Exercise materials
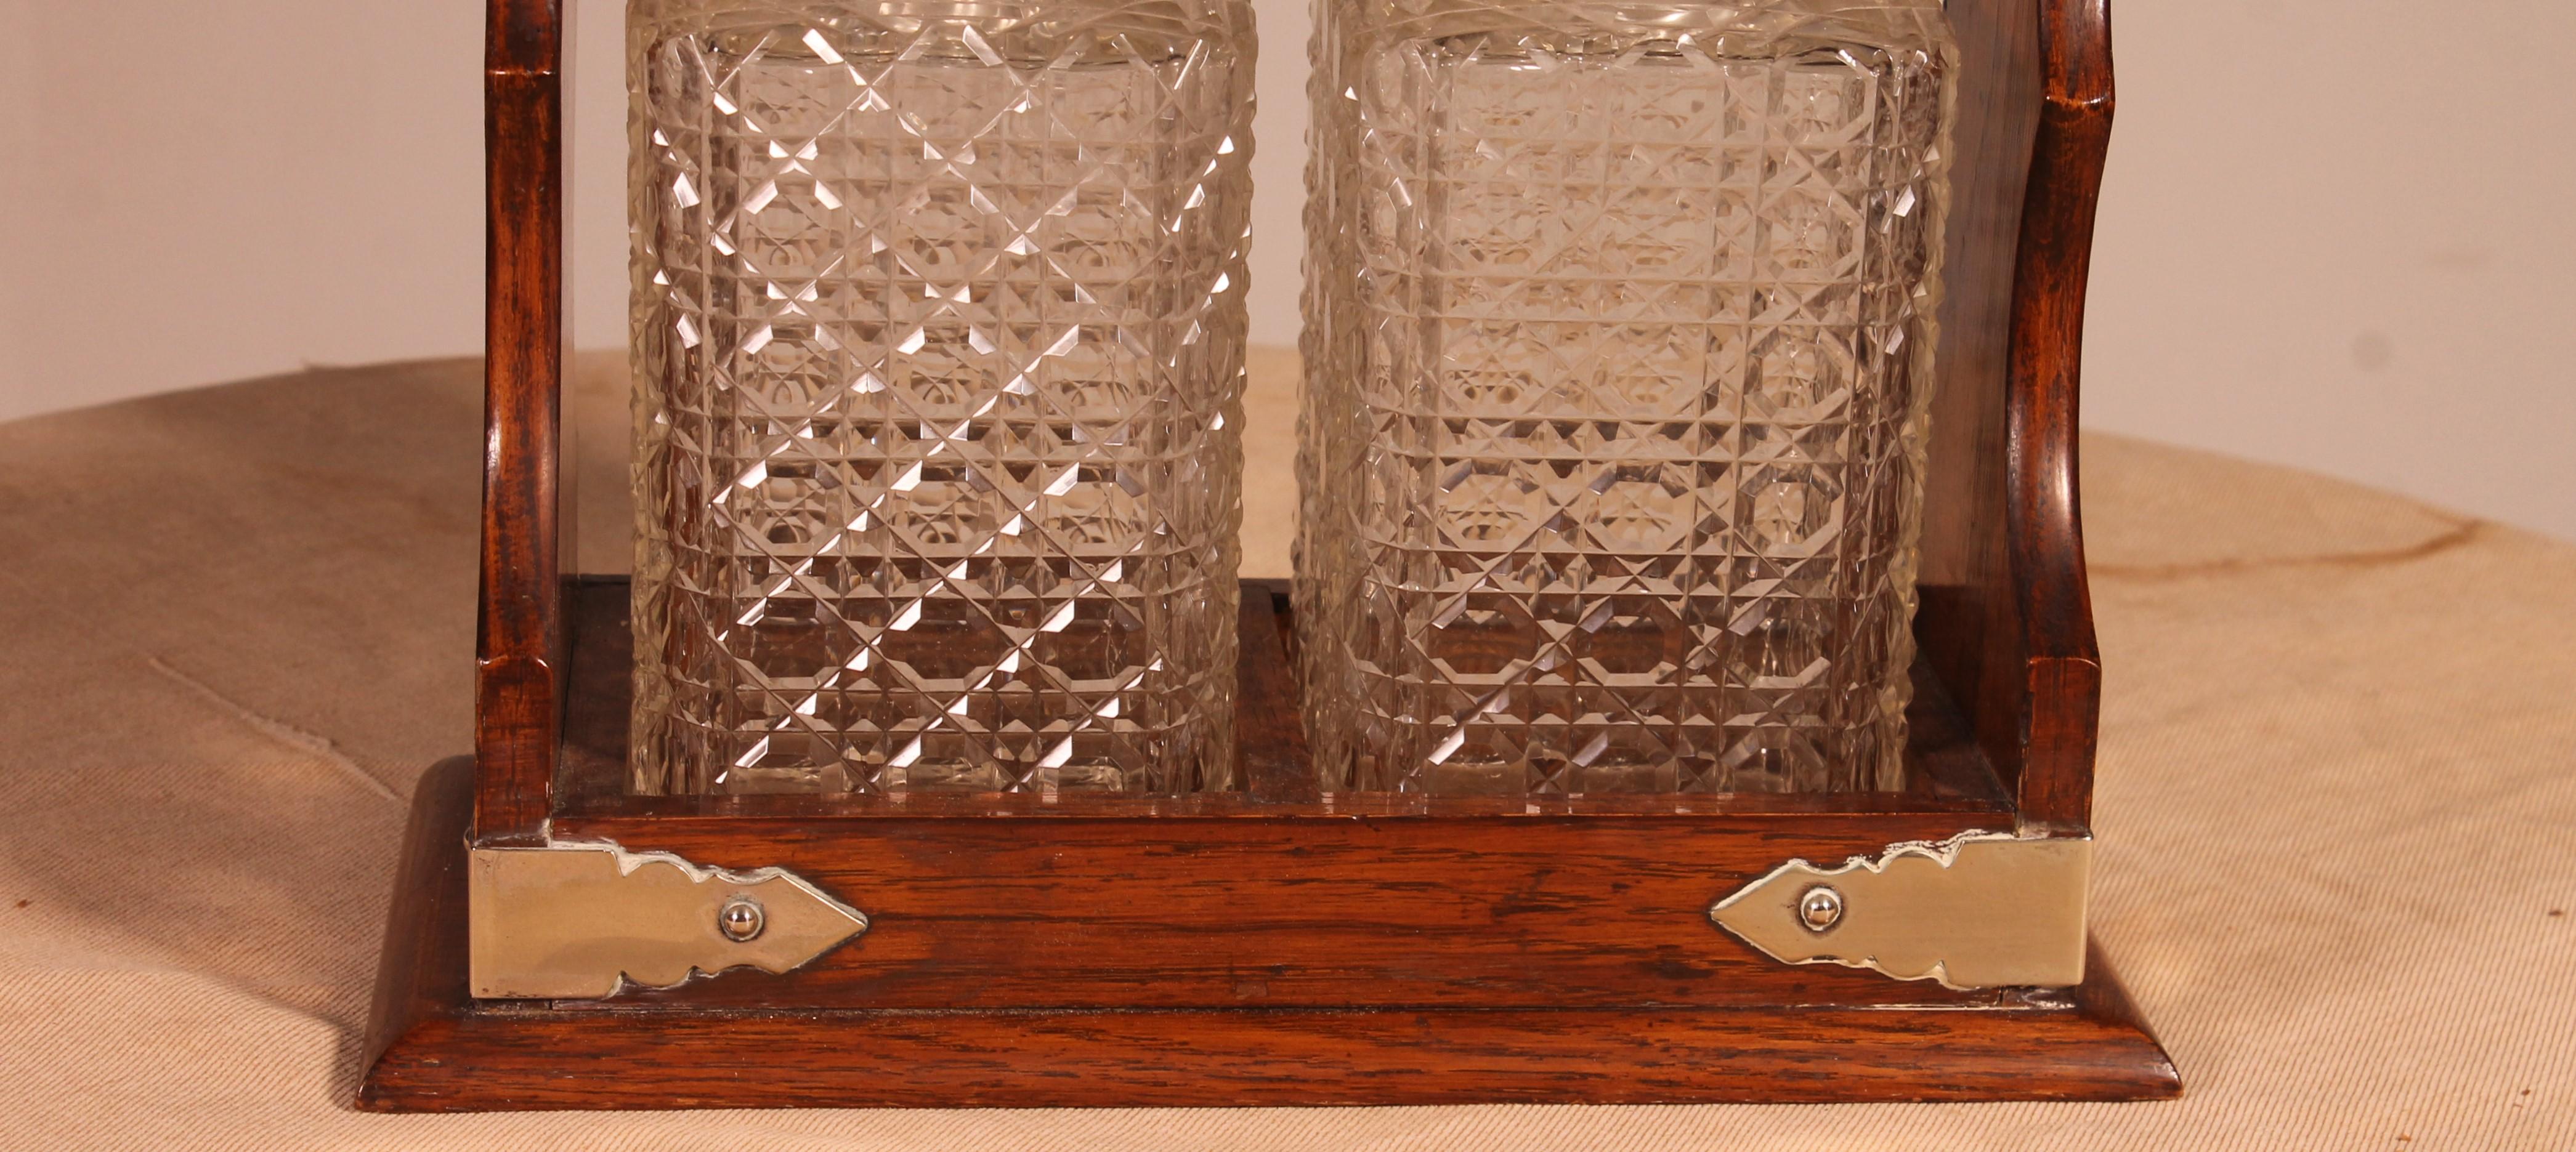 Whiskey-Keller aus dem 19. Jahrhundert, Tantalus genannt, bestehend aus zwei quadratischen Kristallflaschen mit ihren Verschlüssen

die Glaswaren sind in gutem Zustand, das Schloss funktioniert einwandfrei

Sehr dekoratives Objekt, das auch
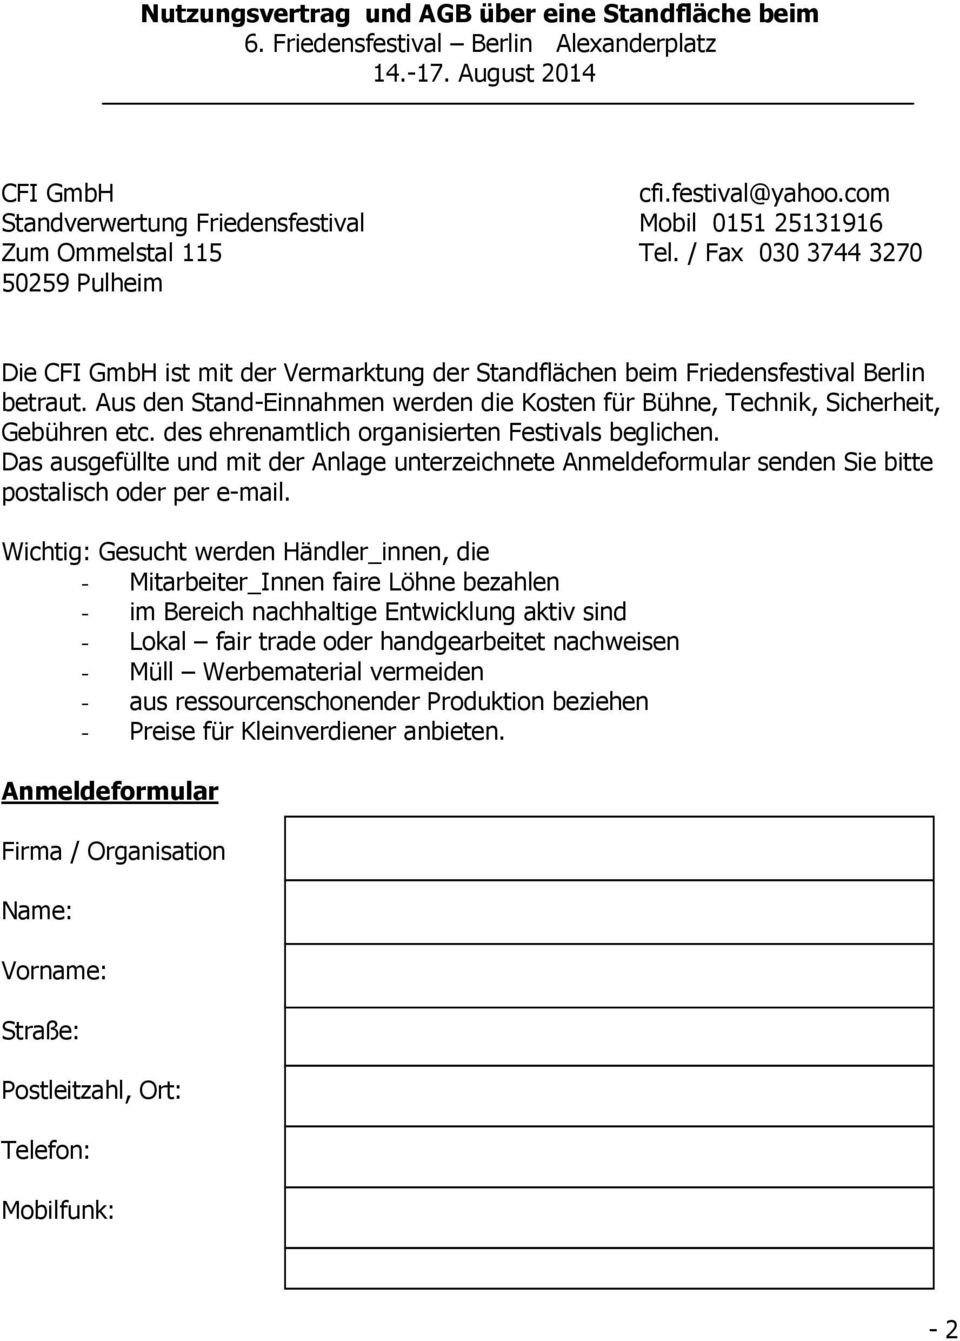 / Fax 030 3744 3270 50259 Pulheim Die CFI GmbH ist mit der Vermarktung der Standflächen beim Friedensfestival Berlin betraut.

==

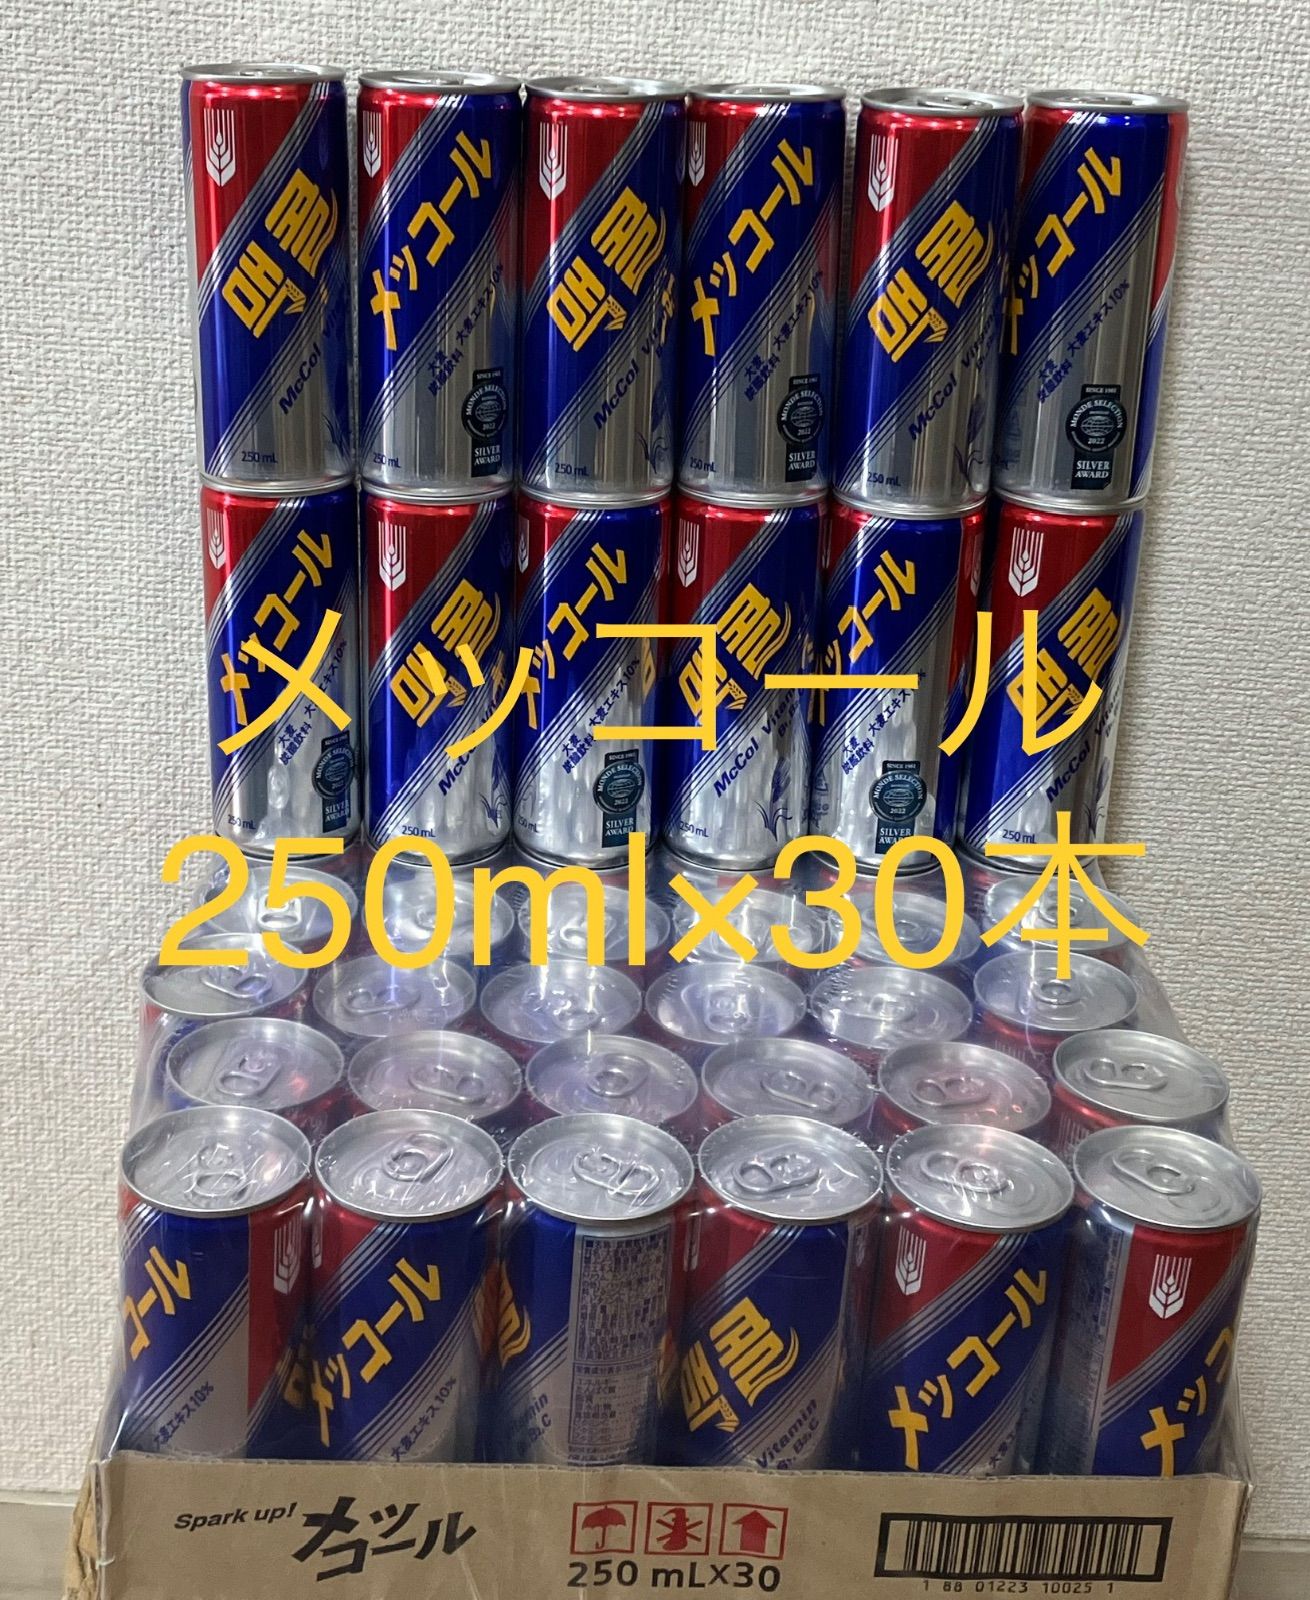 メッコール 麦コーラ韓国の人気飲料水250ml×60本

---

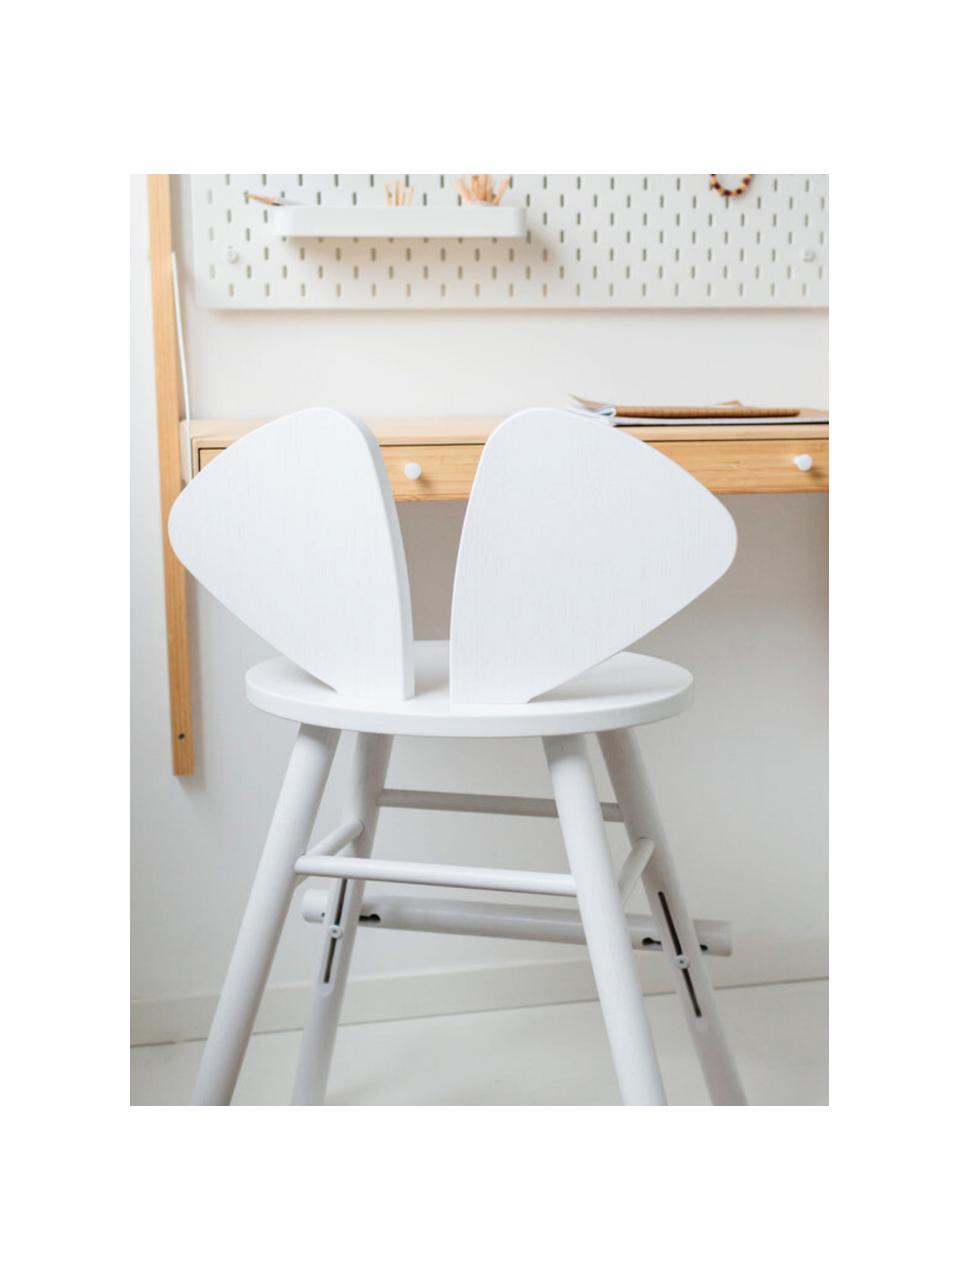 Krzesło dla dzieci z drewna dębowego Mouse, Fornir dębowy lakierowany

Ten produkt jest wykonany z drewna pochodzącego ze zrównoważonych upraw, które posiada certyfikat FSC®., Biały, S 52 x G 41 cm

Exercise details
Your reply should consist solely of the lines above from the line containing "Whiskey-Keller aus dem" up to and including the line containing "Friedensfestival Berlin betraut.", reproduced exactly, minus the pictures.

Output of the task
 Whiskey-Keller aus dem 19. Jahrhundert, Tantalus genannt, bestehend aus zwei quadratischen Kristallflaschen mit ihren Verschlüssen

die Glaswaren sind in gutem Zustand, das Schloss funktioniert einwandfrei

Sehr dekoratives Objekt, das auch
 / Fax 030 3744 3270 50259 Pulheim Die CFI GmbH ist mit der Vermarktung der Standflächen beim Friedensfestival Berlin betraut.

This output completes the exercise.